The success of the campaign also saw organic website traffic of 115,809 unique users; a digital conversion rate of 45%; and a database growth of 189%. The campaign not only built up the students’ trust, it also helped the event reduce the cost per attendee. This was critical at a time when the UAE was experiencing its highest rate of inflation for seven years.

To overcome inflationary pressures, Lakhiani says her team optimised digital campaigns using relevant content to increase engagement and reduce PPC costs; changed printed materials to sustainable digital resources and leveraged economies of scale through bookings for multiple events.

Lakhiani says the event’s marketing strategy involved an innovative and integrated approach, which harnessed digital and traditional marketing techniques, including above-the-line marketing, PR, SEO, email campaigns and social media to engage in effective ways. “With growing competition, we focused intently on each target audience, including students, parents, teachers, and postgraduate applicants, to differentiate and tailor our campaigns.”

Najah

Knowing your audience

To resonate with its digitally savvy audience, the Najah team used featured articles on ‘trending topics’ to place advertisements which were featured in the digital versions of leading newspapers. They also created a parent-student social media series with interviews on topics important to Gen Z students and used a wide range of formats including posts, videos, GIFs, reels and stories to engage the audience.
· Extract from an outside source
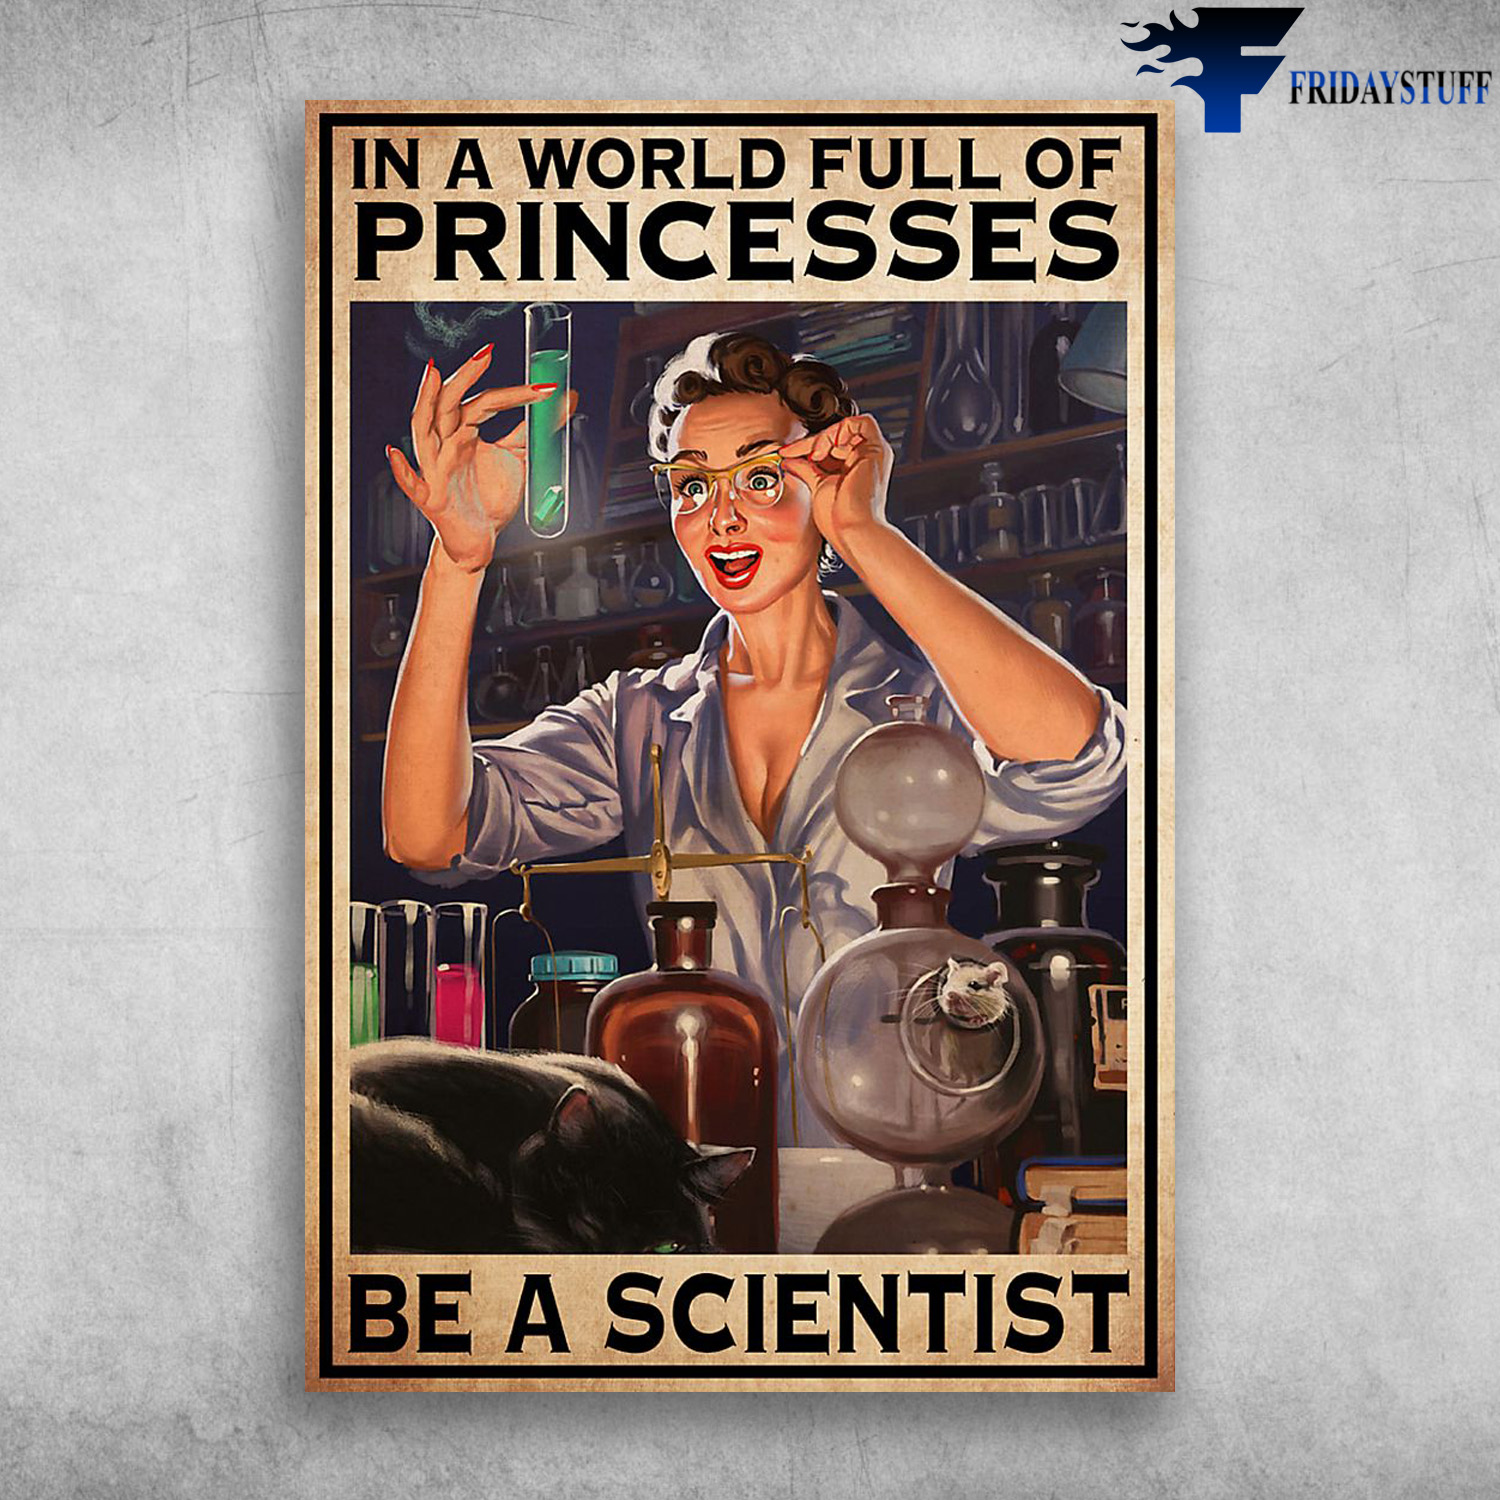 The Scientist - In A Worl, Full Of Princesses, Be A Scientist
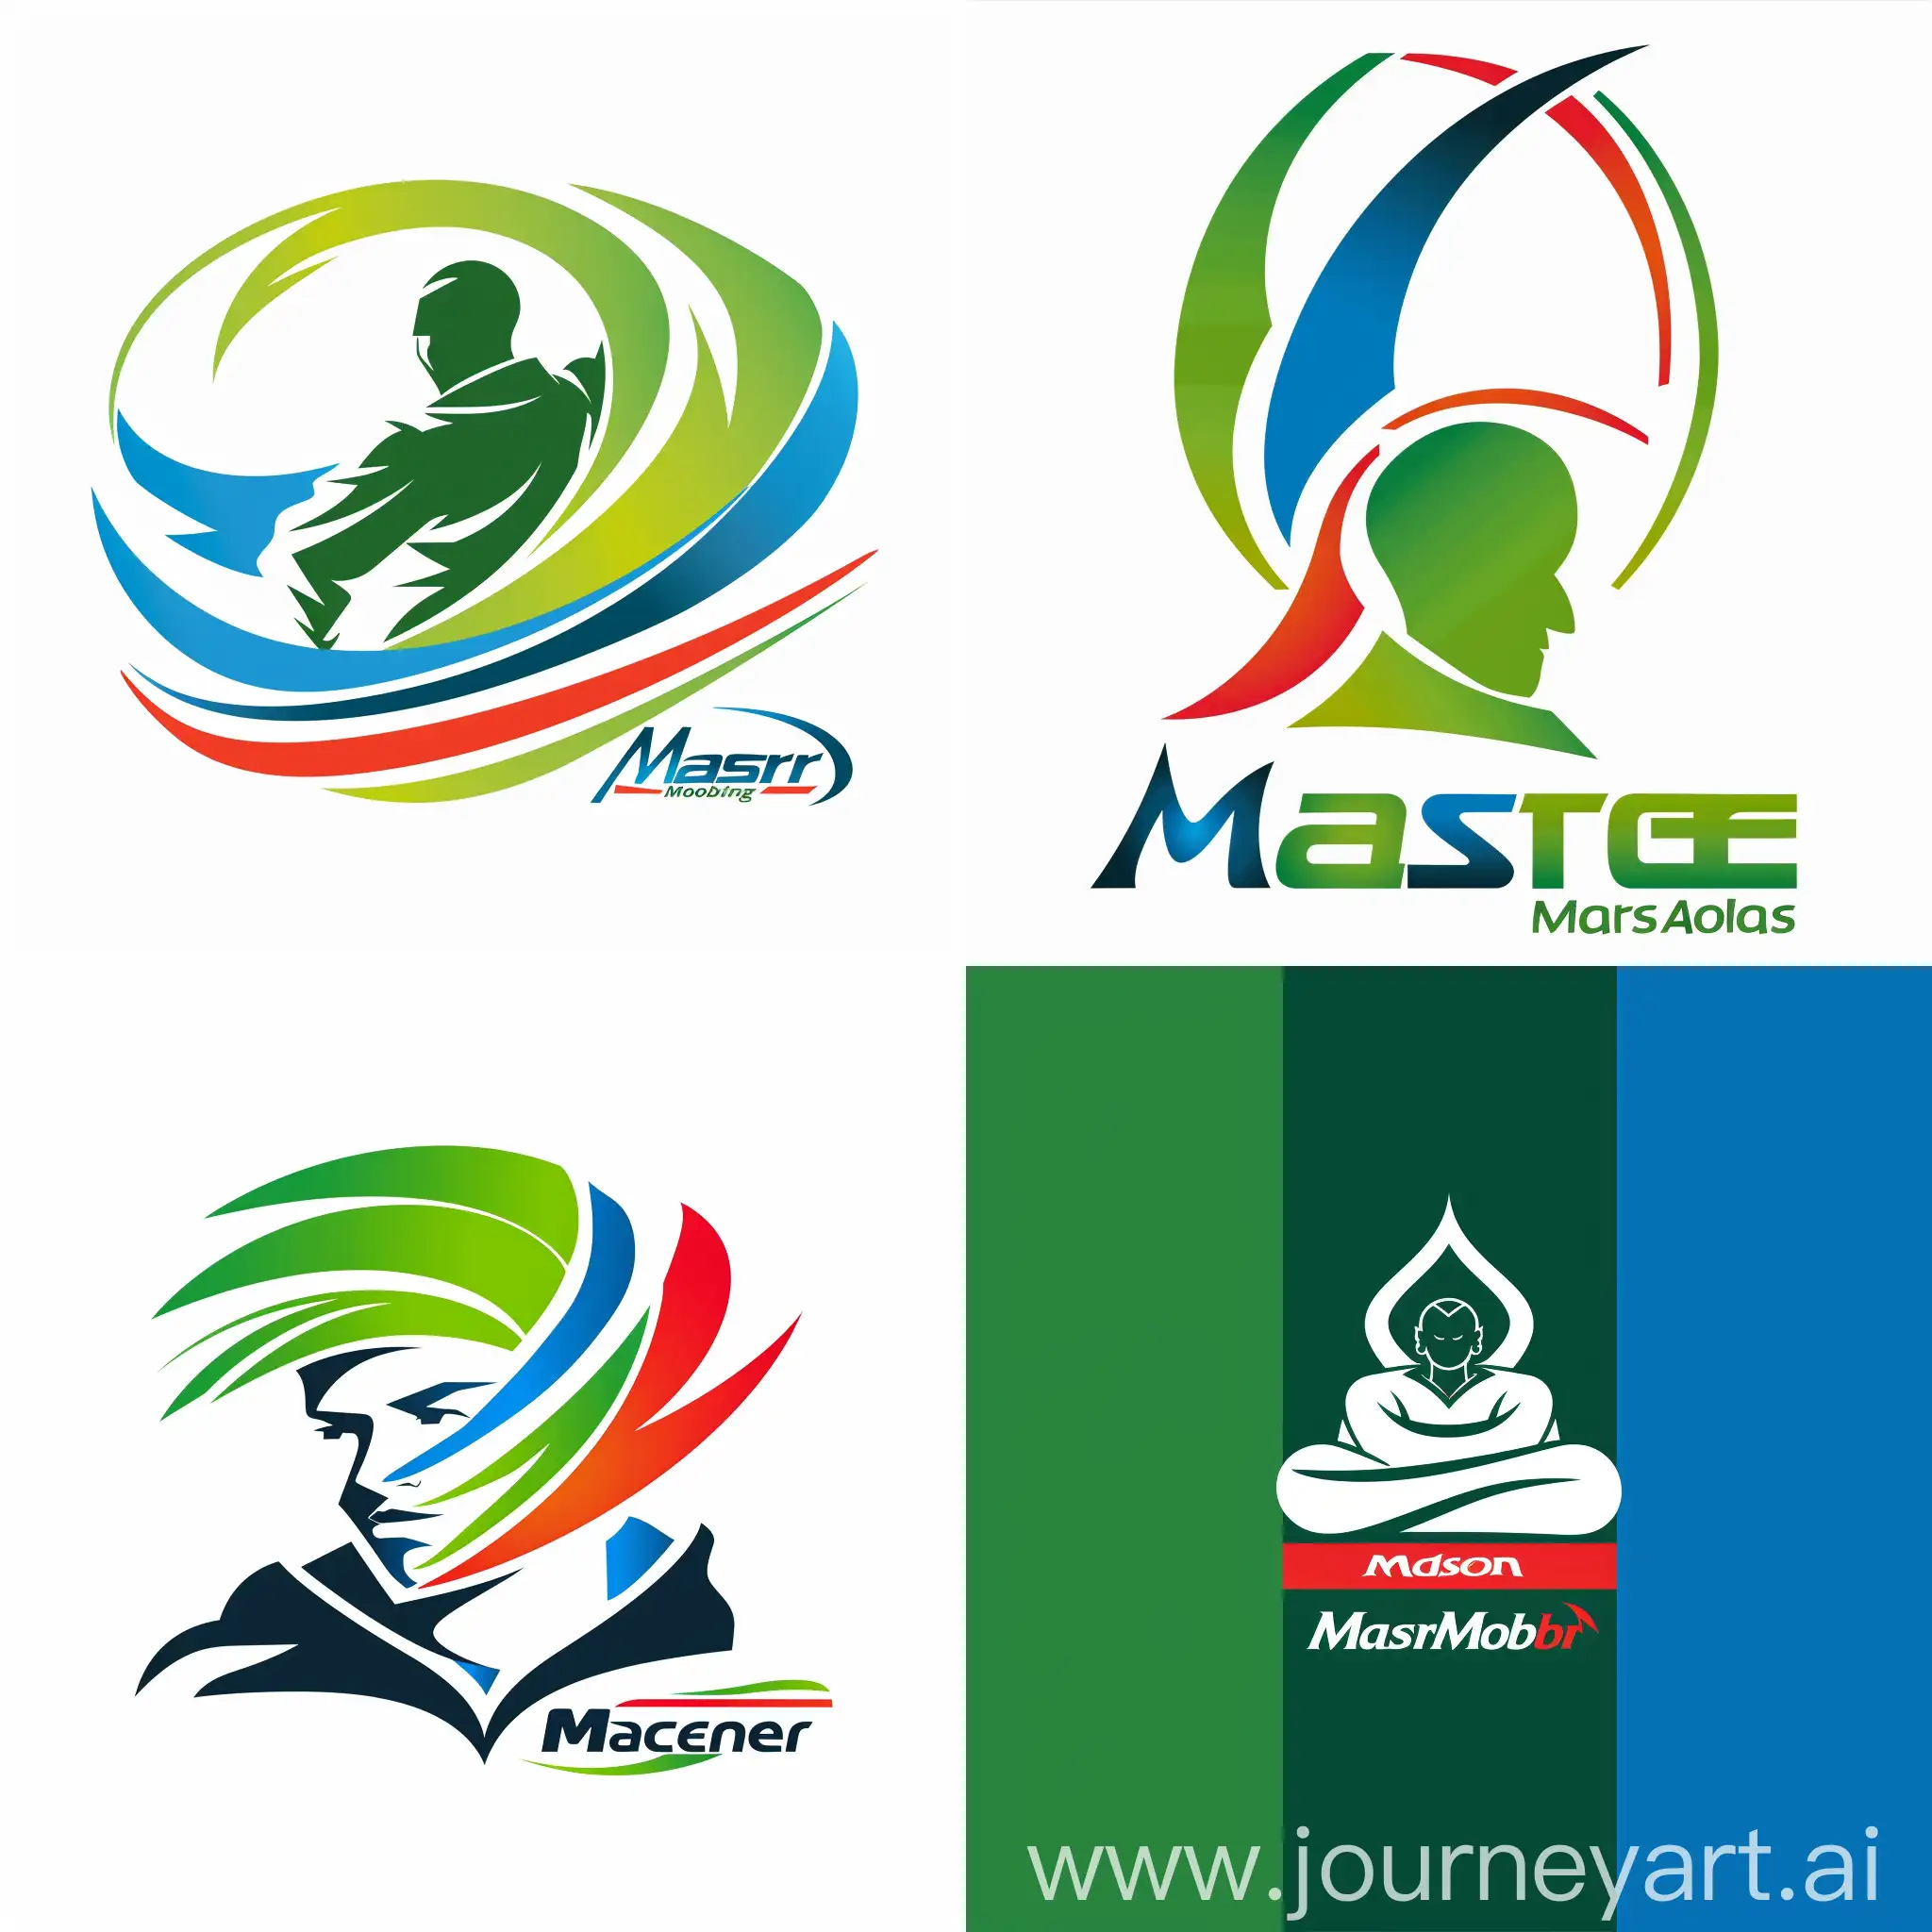 Master-Mobile-Computer-Store-Logo-with-Green-Blue-Red-and-White-Colors-Featuring-a-Master-Figure

“Our digital content was tested in various formats for each audience,” says Lakhiani. “The campaigns were optimised for the best performing and the messages were constantly refined.” She adds: “The most important thing is that we tried to make our event sustainable, which is important to Gen Zs who are often environmentally focused. We also tried to work with People of Determination [The UAE’s term for people with disabilities] and gave them opportunities at the event.”

Overall, Lakhiani says the combination of quality content, creatively designing the experiences through different touchpoints and dynamic digital marketing efforts resulted in a strong performance. The event saw a 32% boom in revenue, with Najah Dubai revenue up 45.3%, as well as a 64.7% saving in marketing cost per attendee.

“Our success with Najah is a testament to how modern marketing techniques can deliver excellent outcomes for complex scenarios. There are always creative solutions to be found.”

Creativity

As for exhibition marketing in general, Lakhiani has nothing but positive remarks: “Creativity is required in more than one way. This is not necessarily the same creativity you would need when you work in an advertising agency. It’s rather the creativity that you need to design attendee and exhibitor experiences before, during and after the event. That is a kind of creative work on multiple levels: meeting design, interaction design, web, advertising, email marketing, social media, print advertising, sponsorship campaigns… there is

no end for creative ideas.”

Lakhiani doesn’t expect digital media will ever replace face-to-face events but sees the two as a “partnership made in heaven”. 

“People want to meet in real life, they want to know if they can trust a person or a vendor or exhibitor, and that trust cannot usually be built by digital media alone. That said, events are the perfect playground for digital extensions of real-life encounters.

“Nothing ever stays the same. Every event is different, and re-inventing the wheel is part of our fantastic journey as event marketers. ‘That’s how we always did it’ is a sentence  that I believe you won’t hear from great event marketers.”